Djamila Ribeiro

Death keeps dancing to the rhythm of enchanted beats

Quincy Jones turned art into joy, lightness, and resilience.

 

In Afro-Brazilian culture, especially in Candomblé, the Ibejis are celebrated as protectors of children and honored with festivities and offerings that include sweets and toys. This practice, so common on Children’s Day and the Feast of Saints Cosmas and Damian, brings a touch of joy and purity to the worship of the orixás. Amid the revelry and relaxation, these playful orixás are associated with joy and innovation.

Moreover, the Ibejis are known for their protective nature and are especially venerated by families seeking harmony, protection, and blessings for their children. Just as we perceive in the reflection stemming from each orixá, their essence is complex, symbolizing the balance between opposing and complementary forces.

They are twins and, as such, they personify both the individuality of each being and the unity that exists within pairs. In the wisdom of ancestral peoples, the birth of twins is seen as a sign of good fortune, a theme present in various mythologies. Examples include Romulus and Remus, the founders of Rome, and the Mayan deities Hunahpú and Ixbalanqué, who face the lords of the underworld and restore order and life.

In an itã (traditional tale) recorded in The Mythology of the Orixás by Reginaldo Prandi, it is told that the Ibejis approached life as one big game and decided to play a trick on Iku, death itself. Iku is known for never missing a date or address, but in ancient times, her voracity was beyond normal, and the twin orixás chose to intervene.

The two devised a plan. One would walk a perilous path filled with traps set by Iku, while the other would hide in the woods. The first would play a drum while the second stayed hidden, and after a while, they would switch roles, continuing to drum for long hours.

When the first twin began drumming on Iku’s path, death started dancing, enchanted by the lively rhythm. The plan highlighted the Ibejis’ cleverness, as Iku, unable to detect the twins’ swap, danced herself into exhaustion, begging them to stop those bewitching beats. She insisted so much that the twins proposed a pact: they would stop the music, but Iku would have to cease the traps that led humans to die before the time.

Death honored the pact, and the Ibejis, satisfied, returned to playing, which is what they truly love to do. It takes great talent and ancestral power to make death dance. As she danced, enraptured, death balanced her duties, bringing peace to the world, and stability became enduring when the pact with the children took effect.

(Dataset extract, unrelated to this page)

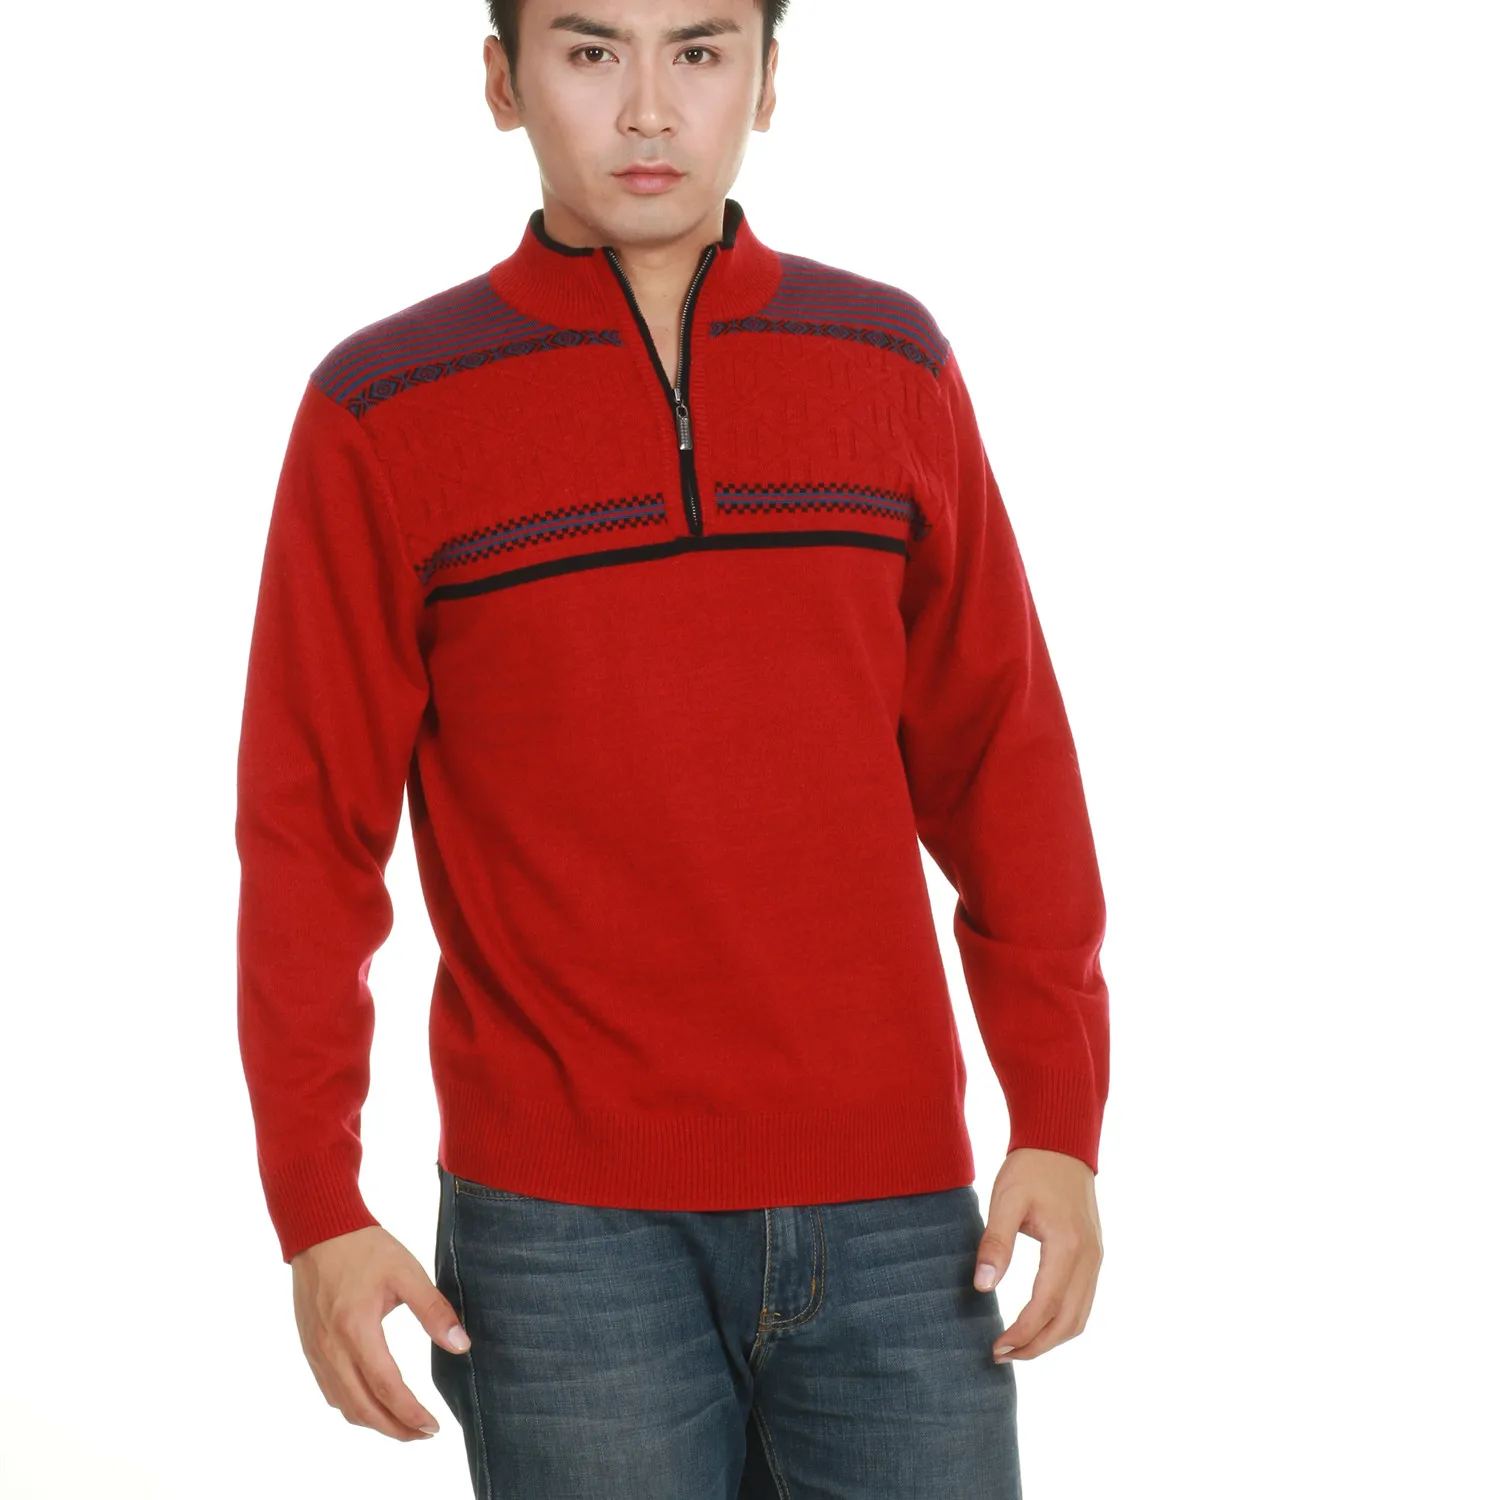 2021 New Men's 1/4 Zip Half Turtleneck Long Sleeve Pullover Sweater, Soft Warm Knit Sweater. mens oversized cardigan Sweaters

Since then, death has kept dancing to the rhythm of the enchanted beats. The issue wasn’t the Ibejis’ music—on the contrary—but the fact that she was caught by the rhythm until she grew exhausted. But just as true as the statement that death must work—as brilliantly reflected by José Saramago in Death with Interruptions—is the association between dance and freedom, between joy and children.

Since then, artists from around the world have provided the stage for death to dance. One of them departed this week—Quincy Jones, iconic in the world of music and entertainment, with a career spanning over six decades and contributions that were fundamental to contemporary music. Renowned for his work as a producer, composer, arranger, and musician, he was one of the most successful multi-talented artists of all time.

Jones also transformed art into joy, lightness, and resistance. While having fun was indeed what he enjoyed, he, as he’s recounted in numerous interviews, didn’t live a life of mere amusement; quite the contrary. Over the course of his life, among the many adversities he faced, one that profoundly marked him was living with his mother’s mental health issues, a key factor that led him to develop philanthropic work for the Black community throughout his career.

One such effort was fostering careers that became eternal in the history of American and global music. Artists like Ray Charles, Aretha Franklin, Donna Summer, as well as Brazil’s greats Milton Nascimento and Djavan, were supported or produced by Jones. Giants who were able to set death to dance and, in doing so, helped to appease her voracity and inspired dreams across the world.

By being who he was, Jones entered the hall of those who made their own pact with death and, in his own way, became immortal. In every chord he left behind, in every seed planted that grew into immense forests, there he stands, grand, producing, playing, singing, while death dances joyfully.